Agenda
Mapping What the State Does Not See: Balik Countermapping in Indonesia’s New Capital Project
At the BeNeLux Geography Conference held on 10th April at Leuven, Agung Jauhari presented his research on countermapping in Indonesia’s new capital, Nusantara. He examined how official spatial planning maps of the “forest city” reduce the lived landscape of the indigenous Balik community to a “greenfield”.
Using concepts of cartographic violence and sanctioned ignorance, Agung showed how planning maps can erase long-standing socio-ecological relationships of the Balik.
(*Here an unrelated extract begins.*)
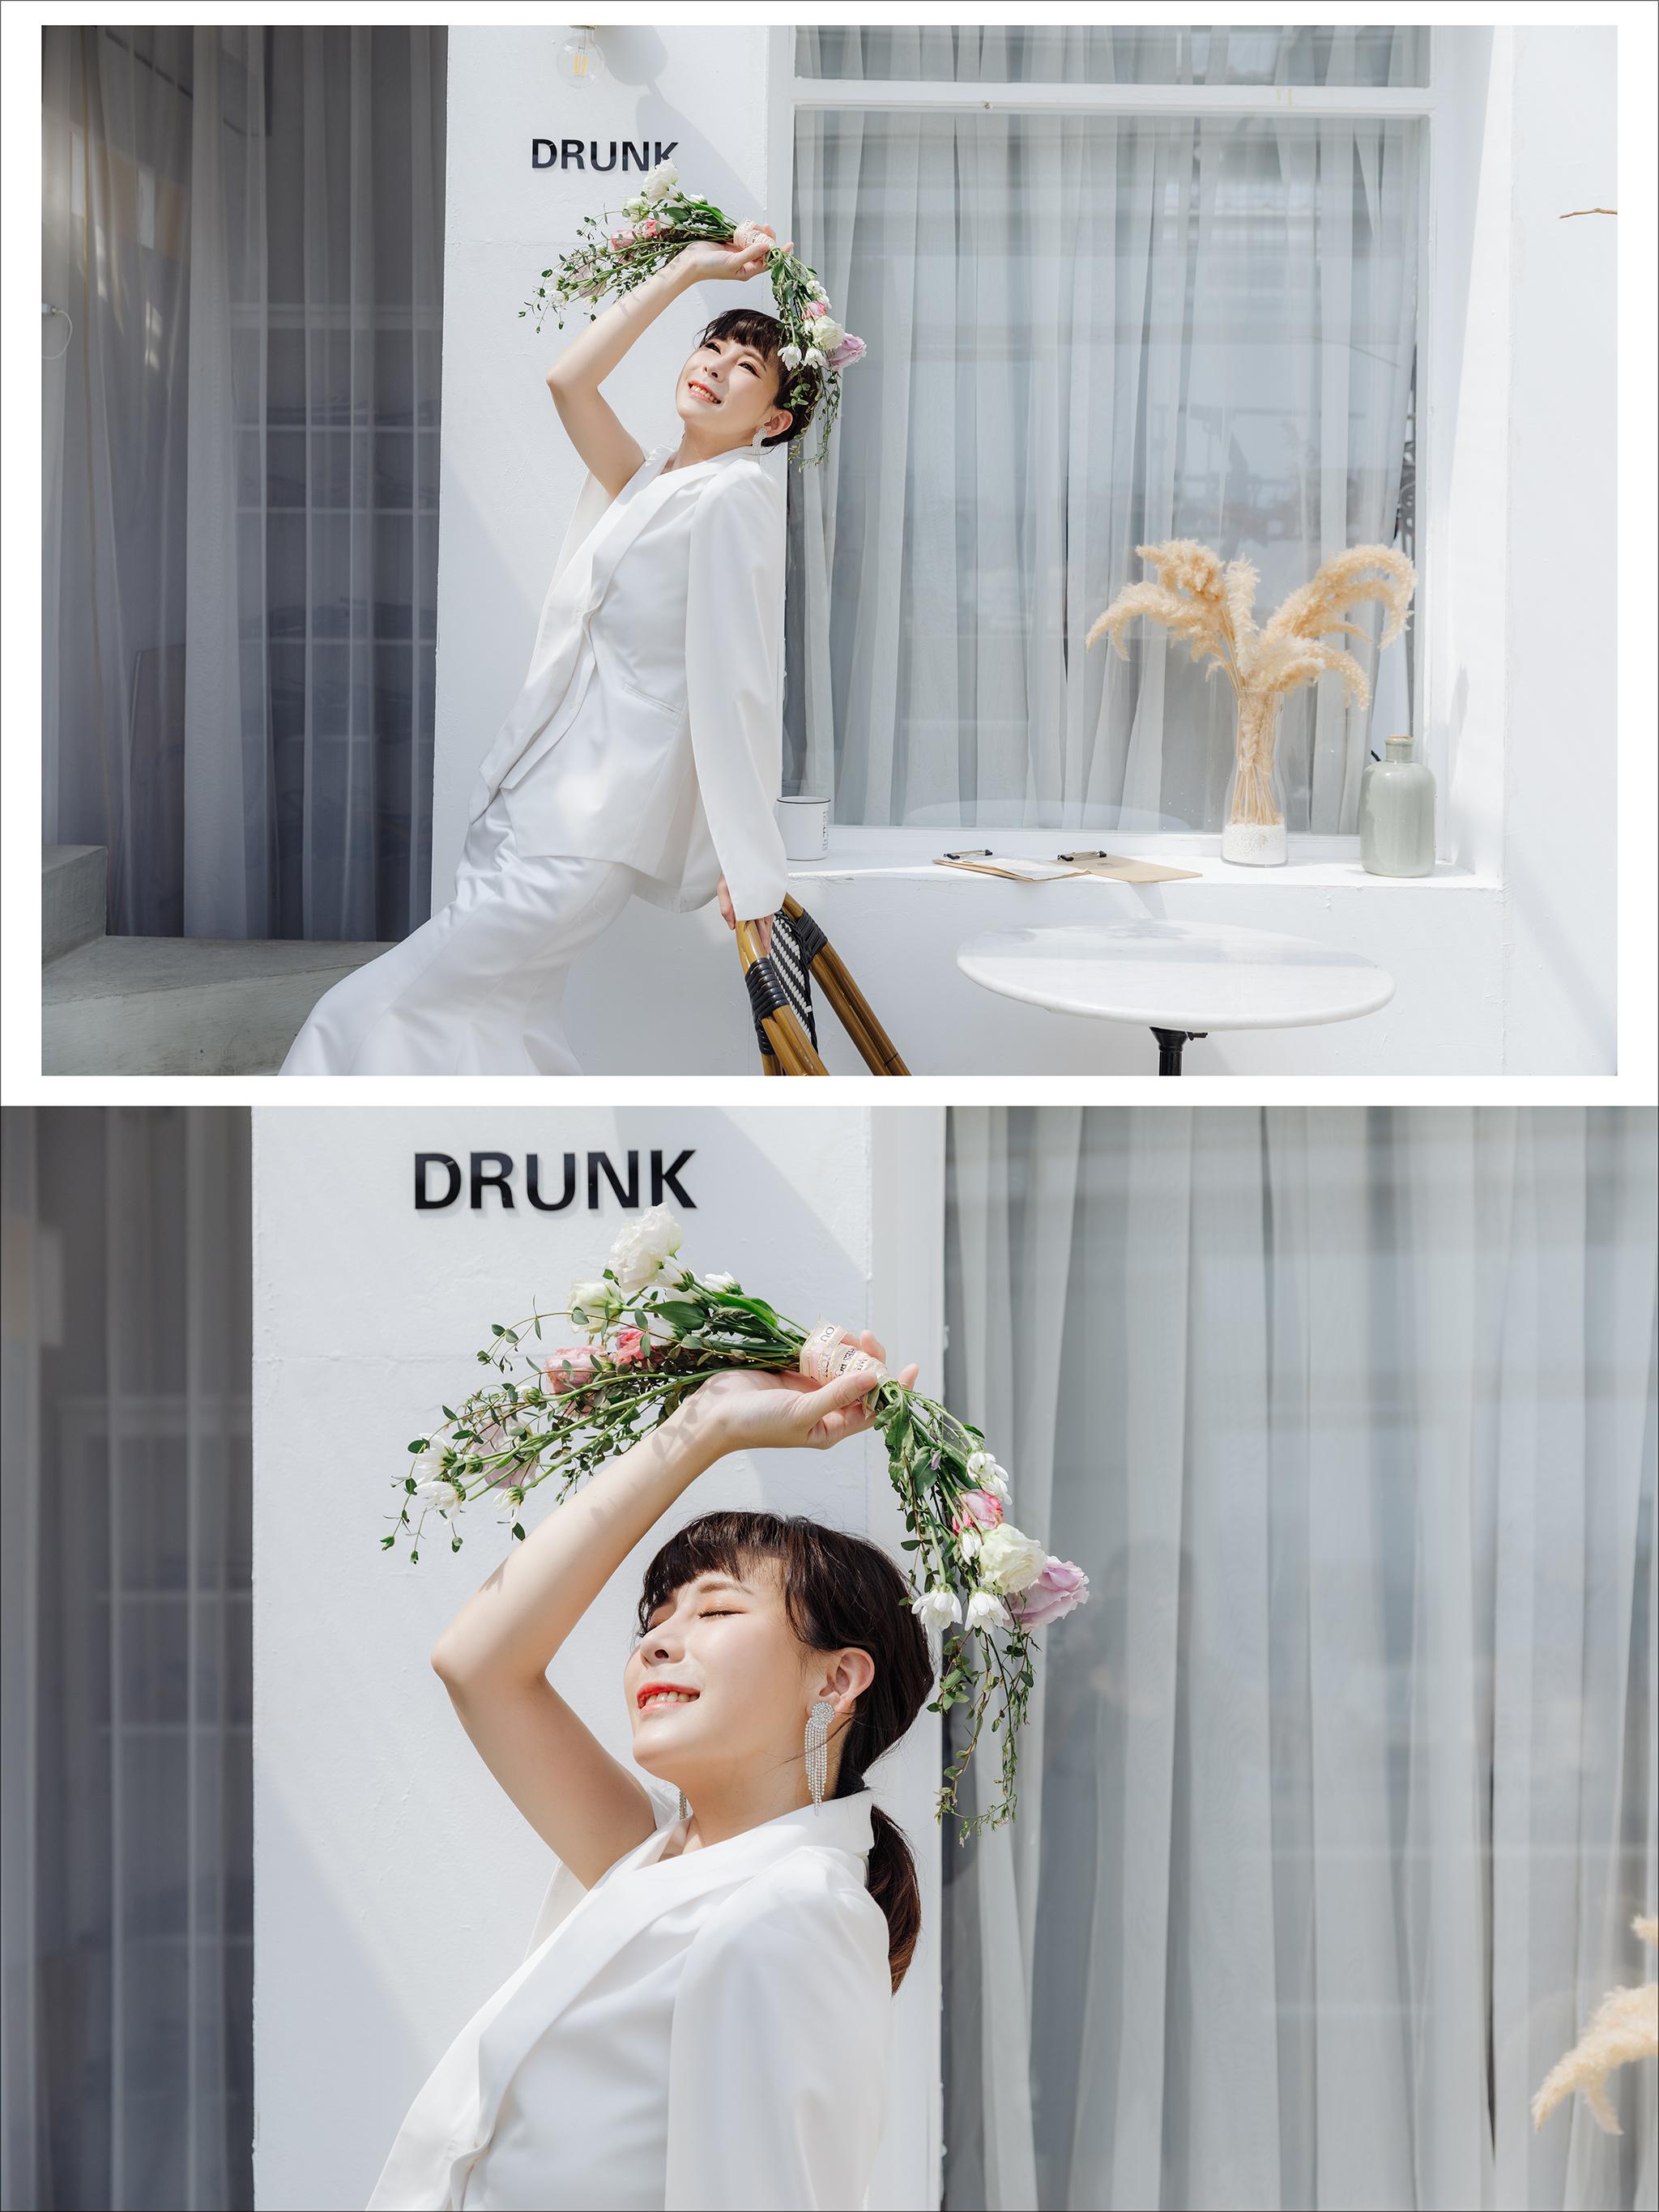 49883519167 c0c801ca73 o - 【自主婚紗】+潤潤+

Through mobile ethnography and participatory mapping, his research remaps these more-than-human entanglements back into the story of Nusantara by marking ancestral graves, inherited lands, honey trees, and traditional foraging routes – challenging the state’s narrative that the site of development was empty to start with.
His presentation was part of the panel “Countermapping of Power and Space in Development Geography”, convened by Kei Otsuki. With the goal of responding to the persistence of highly exclusionary development visions, it brought together contributions on a range of related cases – including militarized and colonial cartographies of Minembwe, port infrastructures and geopolitical reconfigurations of Eastern Europe and citizen science and counter-surveillance in smart cities. Together these presentations highlighted how mapping is deeply entrenched in power, exclusion and territorial change.
While Agung’s research echoed these themes, his presentation communicated why countermapping matters as a method of resisting the simplifications that often accompany large-scale development projects. By bringing the Balik community’s landscape knowledge into view, his work pointed toward community-based alternative approaches to mapping that are more attentive and accountable to lived experience and just futures.